Only three countries – the US, UK and Ireland have earmarks providing at least 10% of HIV/AIDS funding to orphans and vulnerable children. Yet experts believe that these promises and legislation are unfulfilled as they meander through government bureaucracy. We must hold leaders and policy makers accountable to their promises. We must advocate for more governments to follow their lead.

RESOURCES FOR ORPHANS

With adequate funding, the world can help children orphaned by AIDS to grow up healthy and safe. We can address the challenges presented by the AIDS orphans crisis through:

  • Support to families and communities that serve as the safety net for AIDS orphans.
  • Access to education, health and nutrition for orphans and children affected by AIDS.
  • Job training and livelihood support to give young people the skills necessary to enter the workforce and to become productive members of their community.
  • Social protection laws that promote and enforce inheritance and other legal rights for orphans must be in place.
  • Treatment for HIV positive children that is provided with special consideration for the physical, psychological, and social needs of a child living with HIV.


We need your help to speak out and spread the word about World AIDS Orphans Day.
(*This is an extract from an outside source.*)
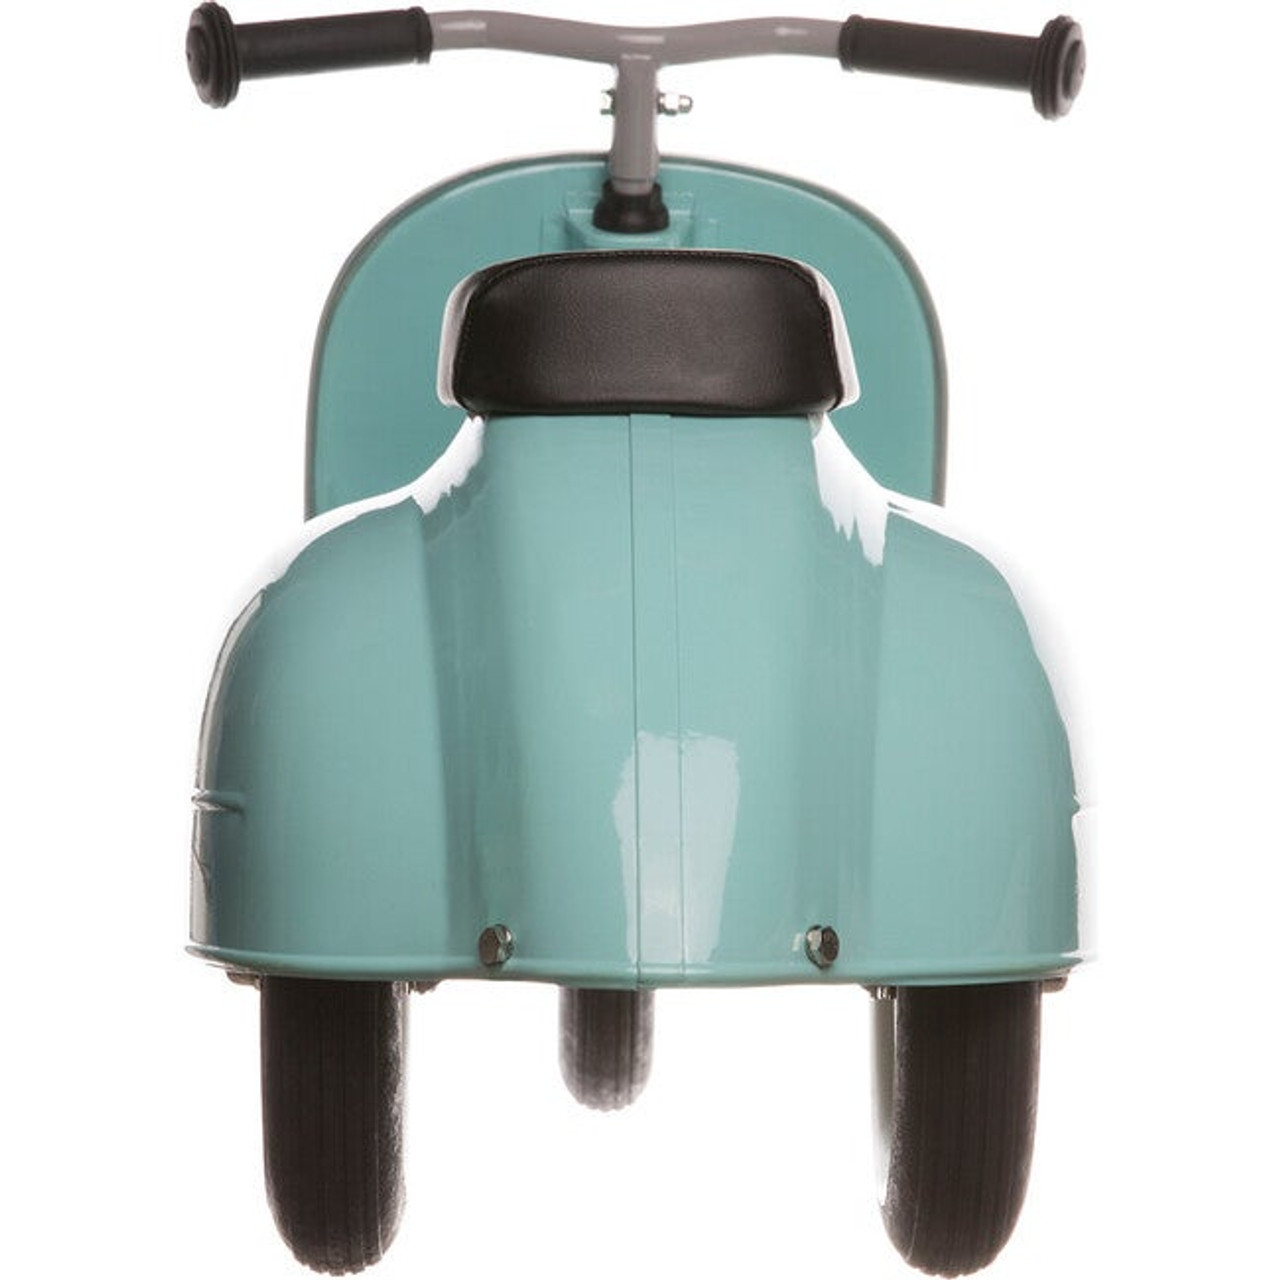 Primo Basic Mint Scooter

Your voice is their future.

RAISE YOUR VOICE!
Speak up for orphans. It’s easy to get involved.
Add your pictures onto the map. Lobby world leaders. Attend or host an event. Generate press coverage about the orphans crisis. Spread the word. Donate."


Below is another link from the website that contains, among other things, a toolkit with sample letters, relevant links, and other info:

http://www.worldaidsorphans.org/section/the_orphans_crisis/resources#mayors

In whatever manner, however small, that we can rally support for attention for this cause, let's do so. Let's do it for our kids! Let's do it NOW!